▸ **Dataset excerpt**

------------------------------------

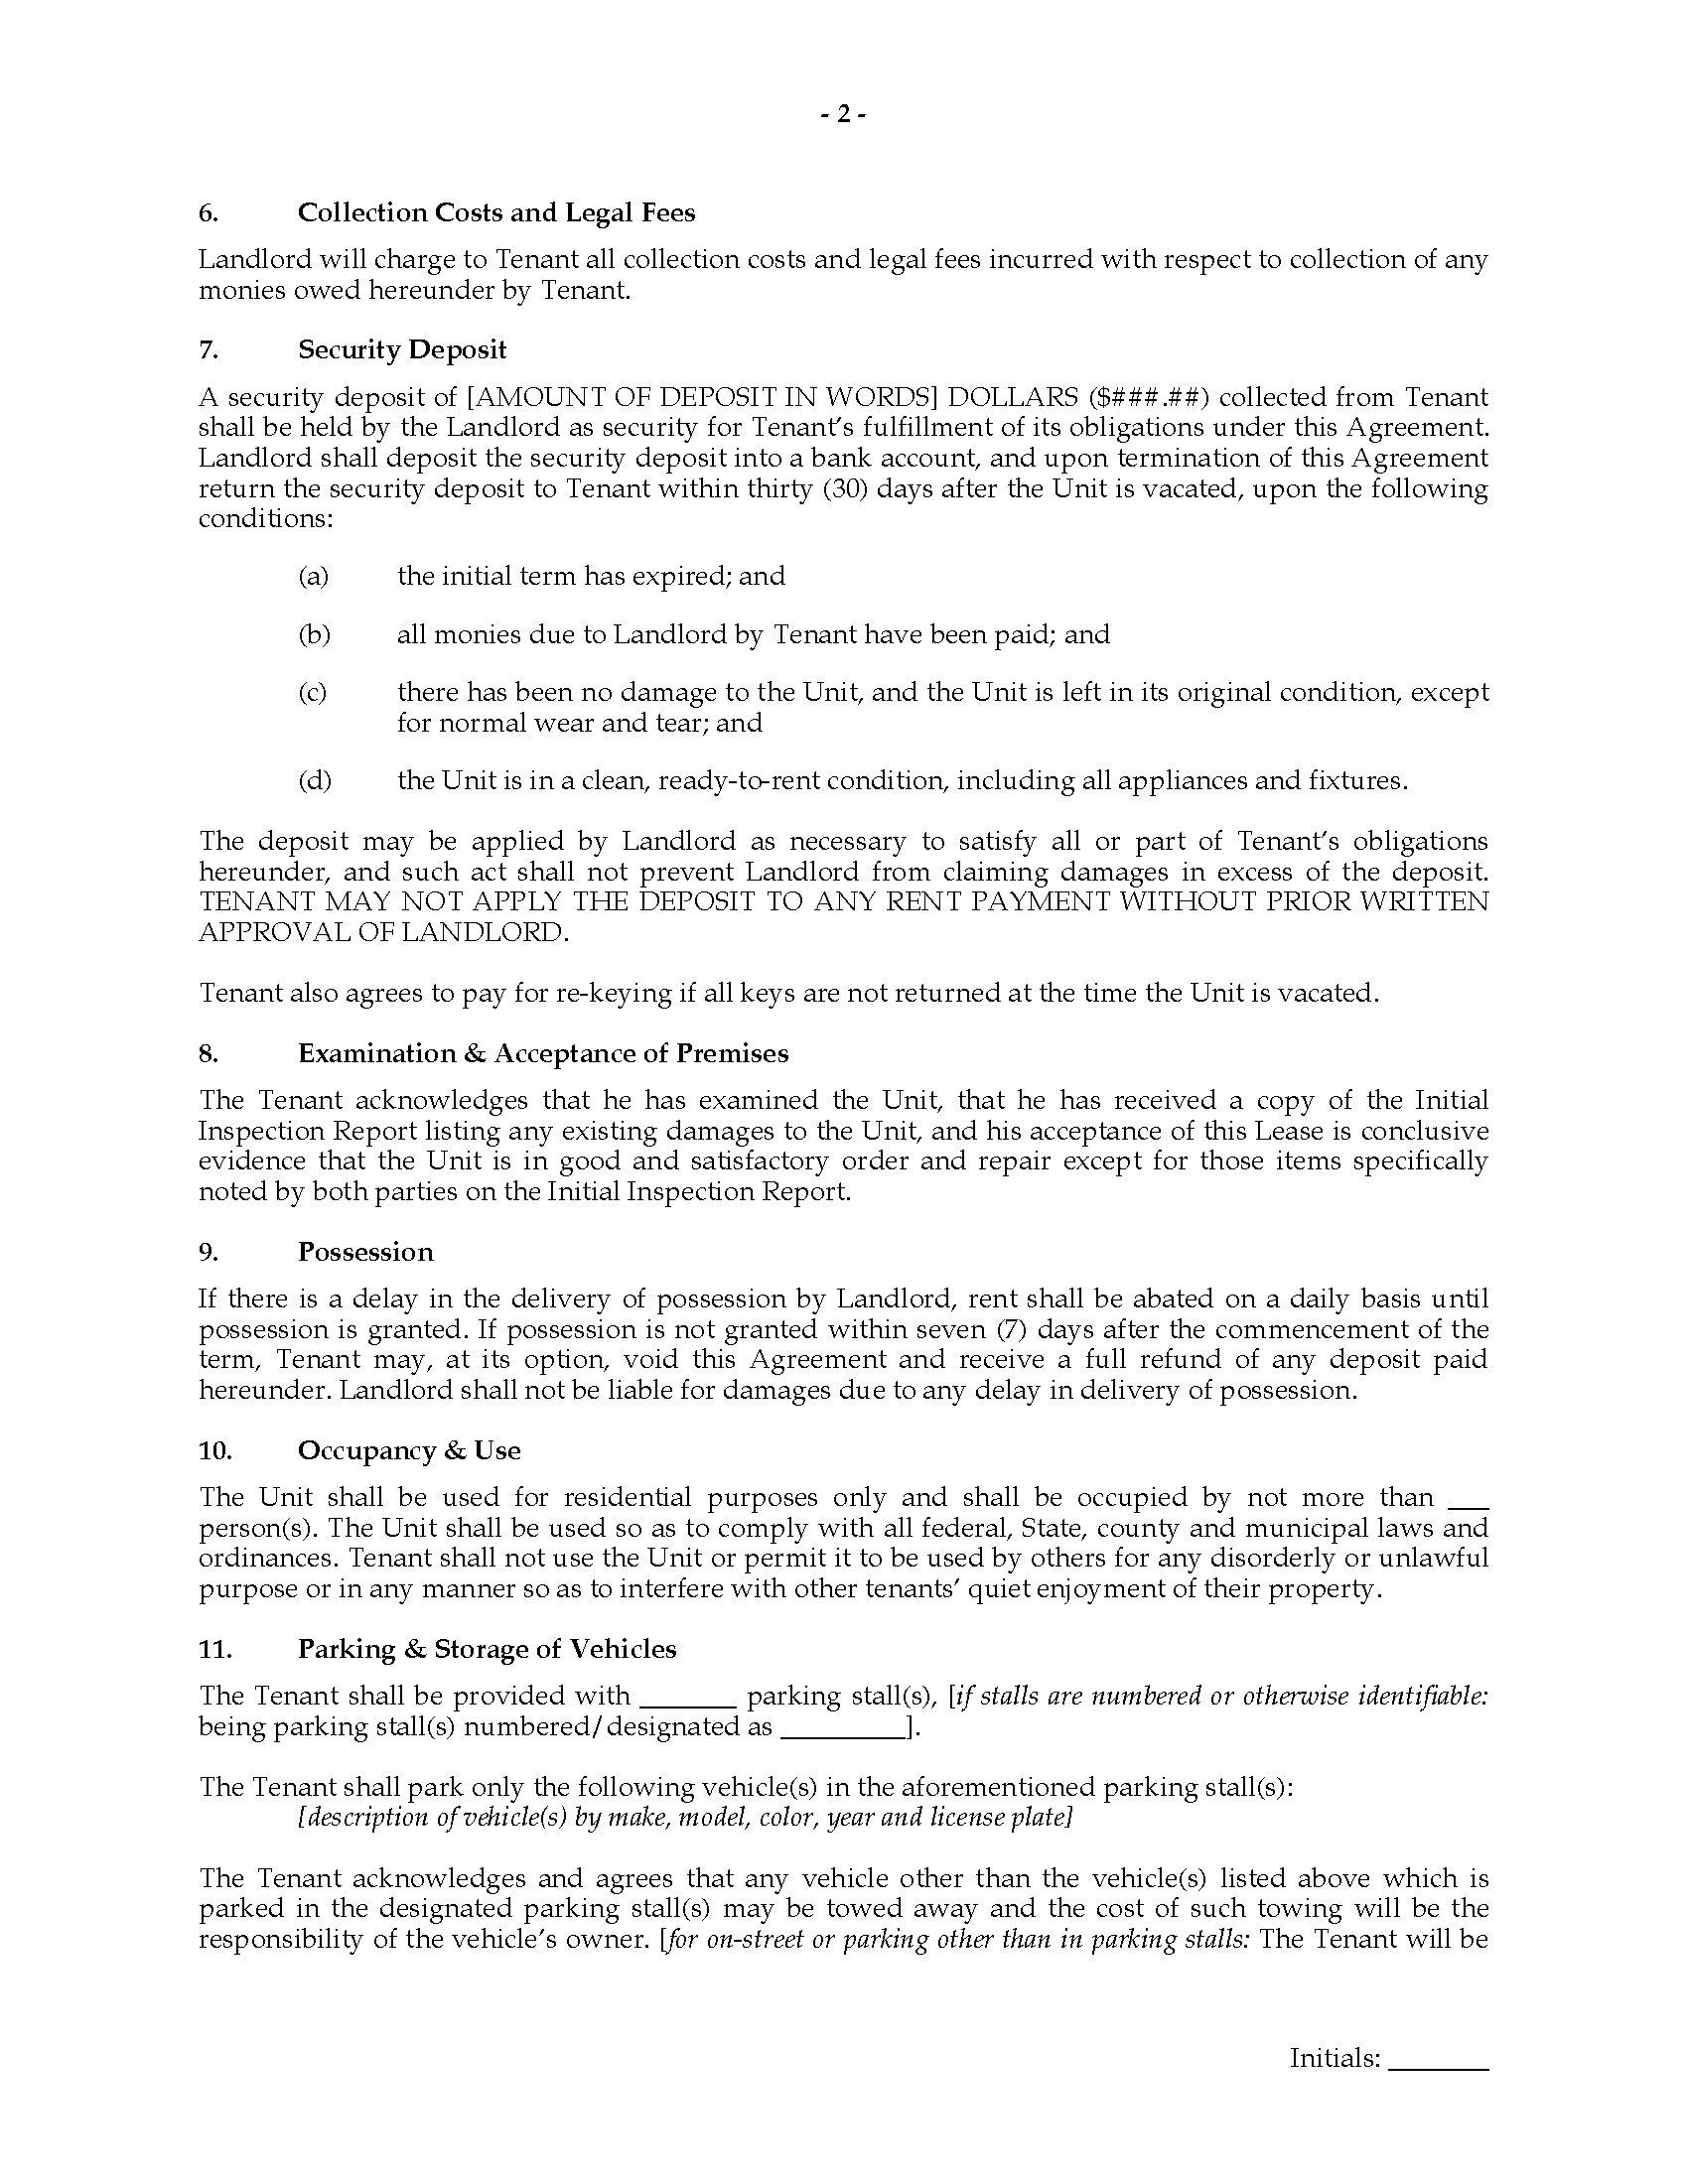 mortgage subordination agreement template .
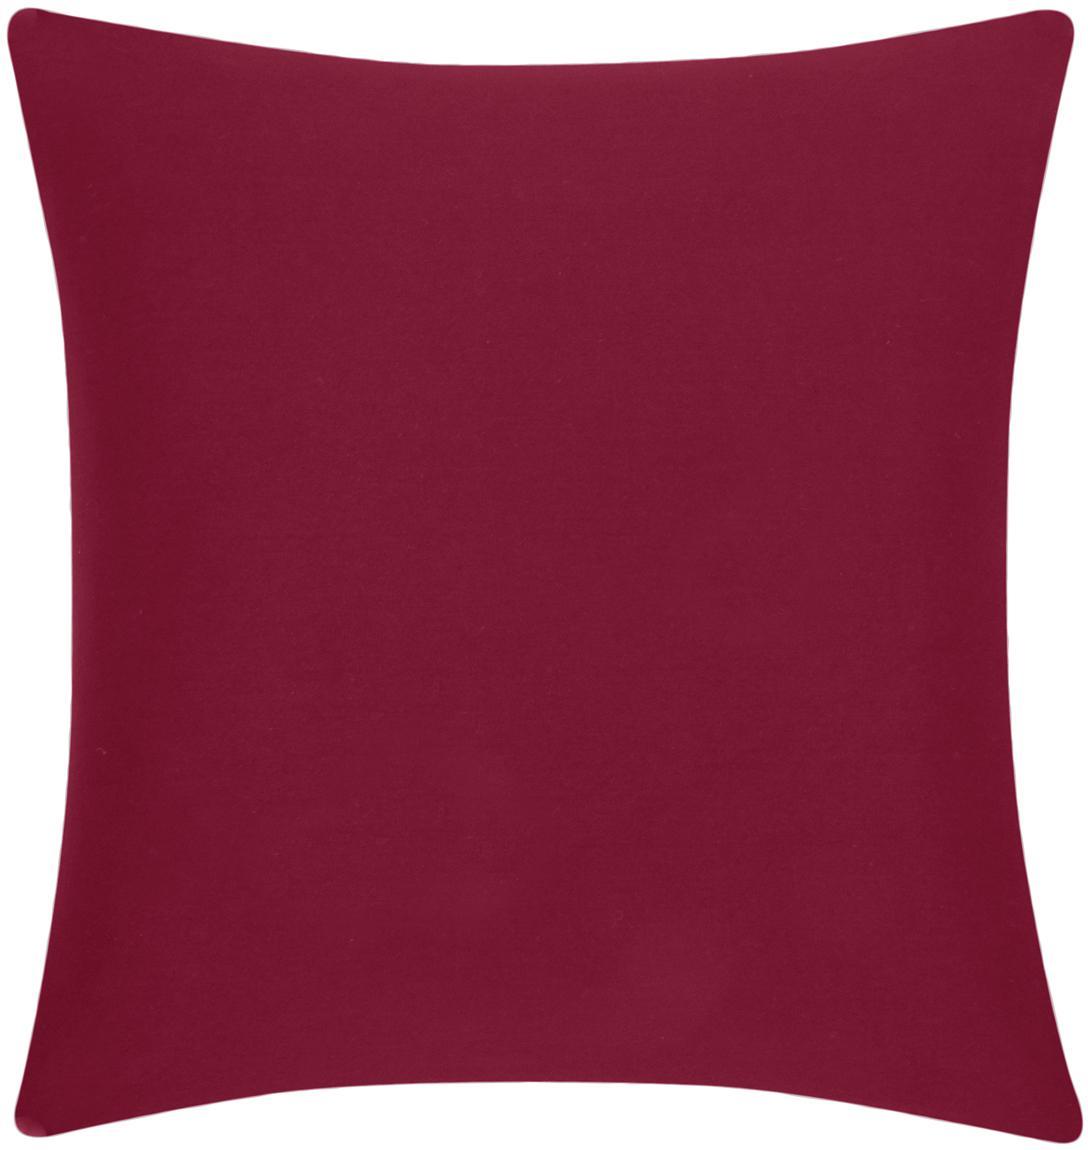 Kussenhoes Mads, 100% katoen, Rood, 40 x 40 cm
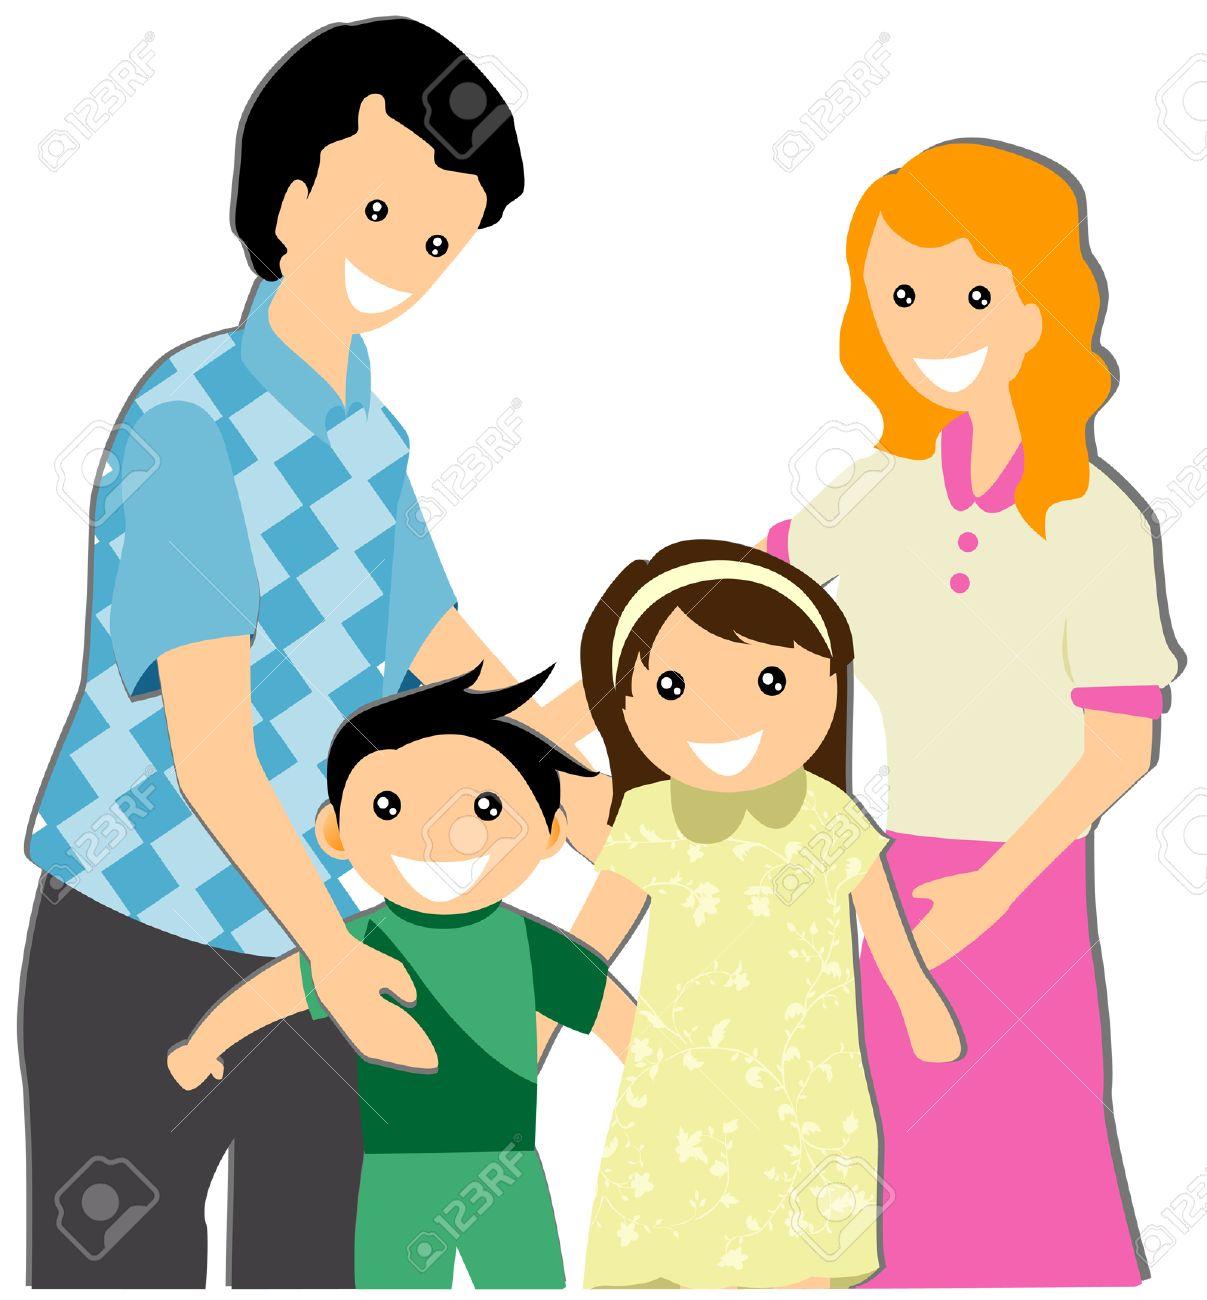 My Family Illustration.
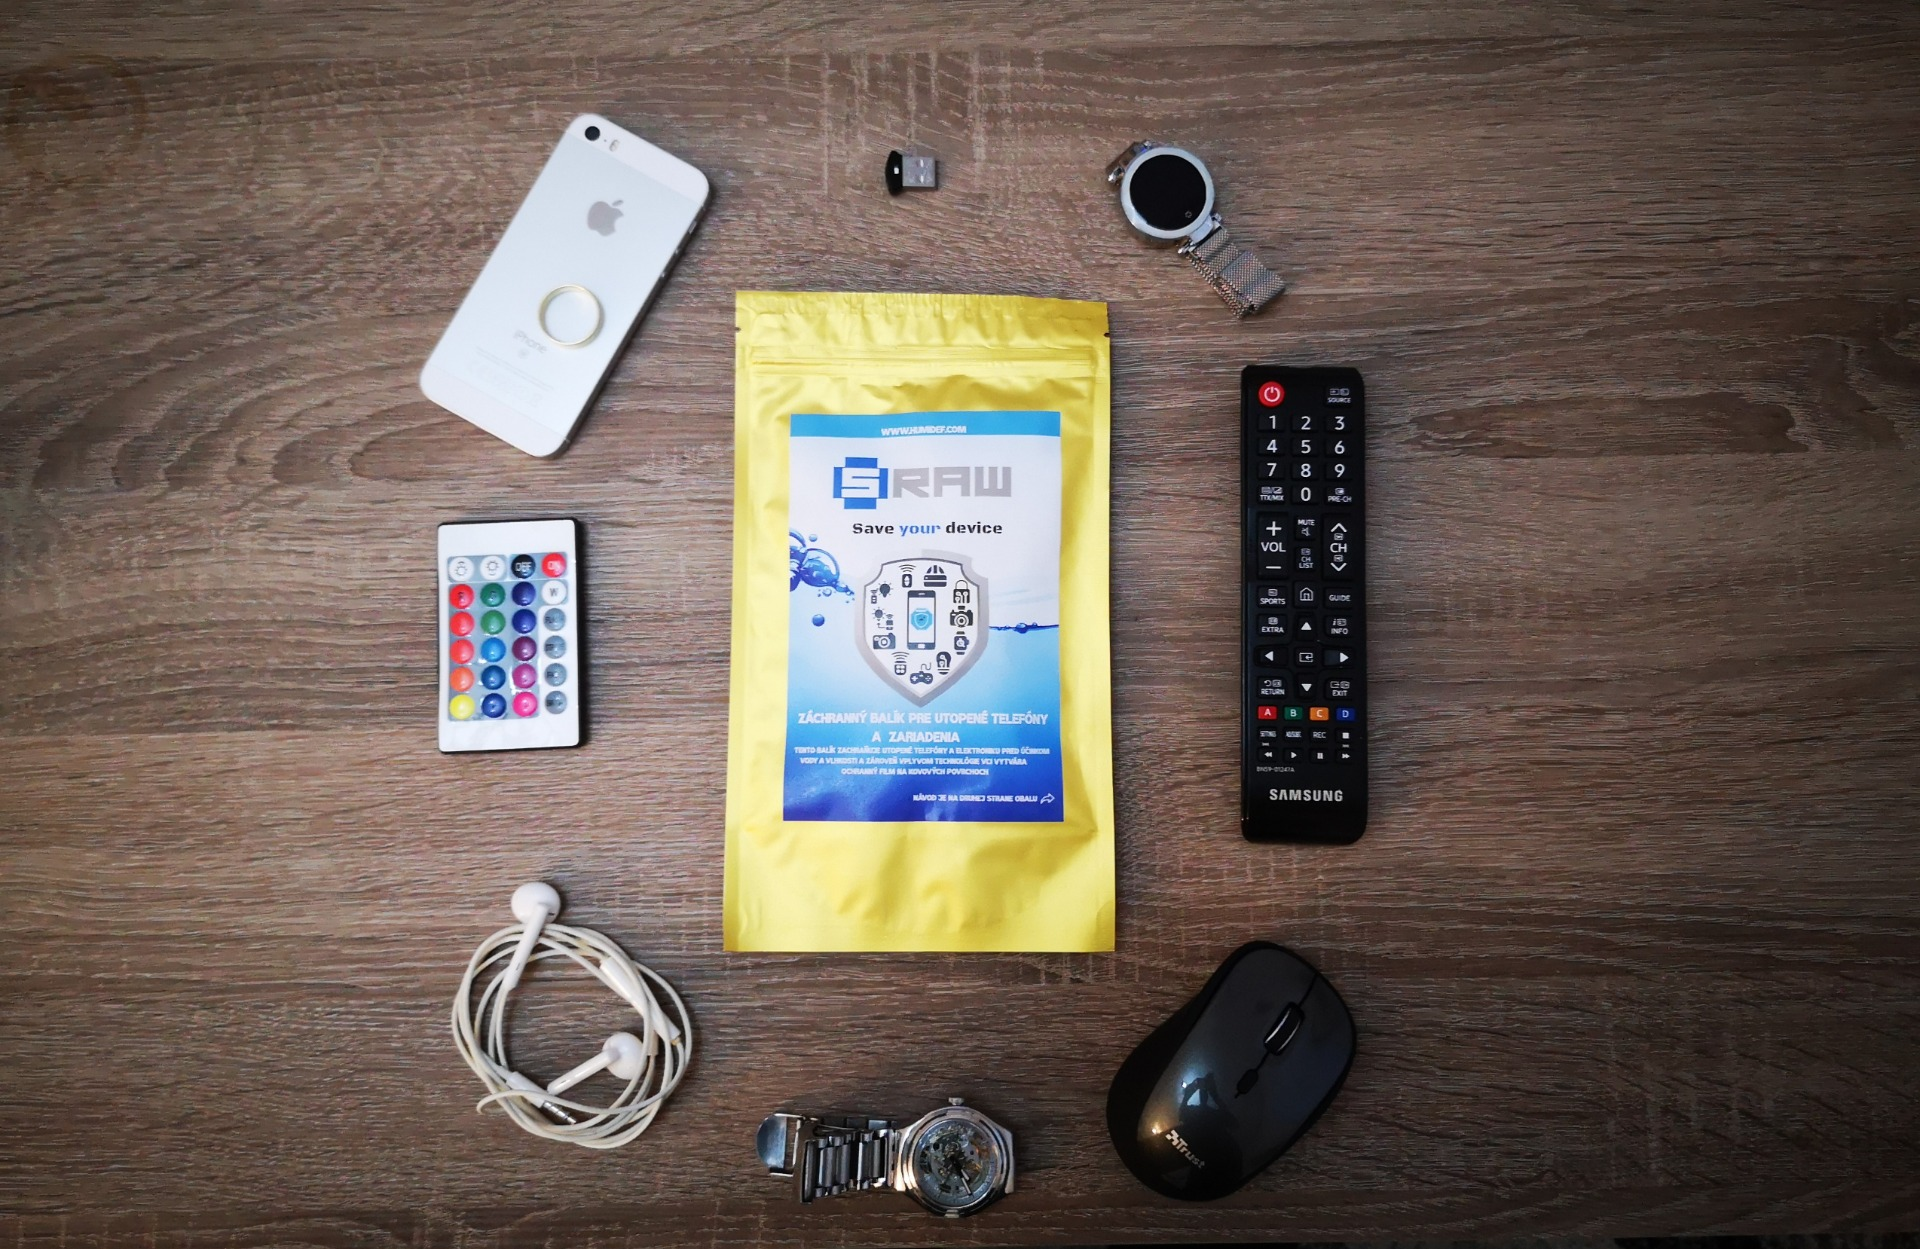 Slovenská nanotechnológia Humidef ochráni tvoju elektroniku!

------------------------------------

▸ **Aim of the exercise**
Write the full listing out again with every line unchanged, but include no pictures.

▸ **Task result**
 mortgage subordination agreement template .
 Kussenhoes Mads, 100% katoen, Rood, 40 x 40 cm
 My Family Illustration.
 Slovenská nanotechnológia Humidef ochráni tvoju elektroniku!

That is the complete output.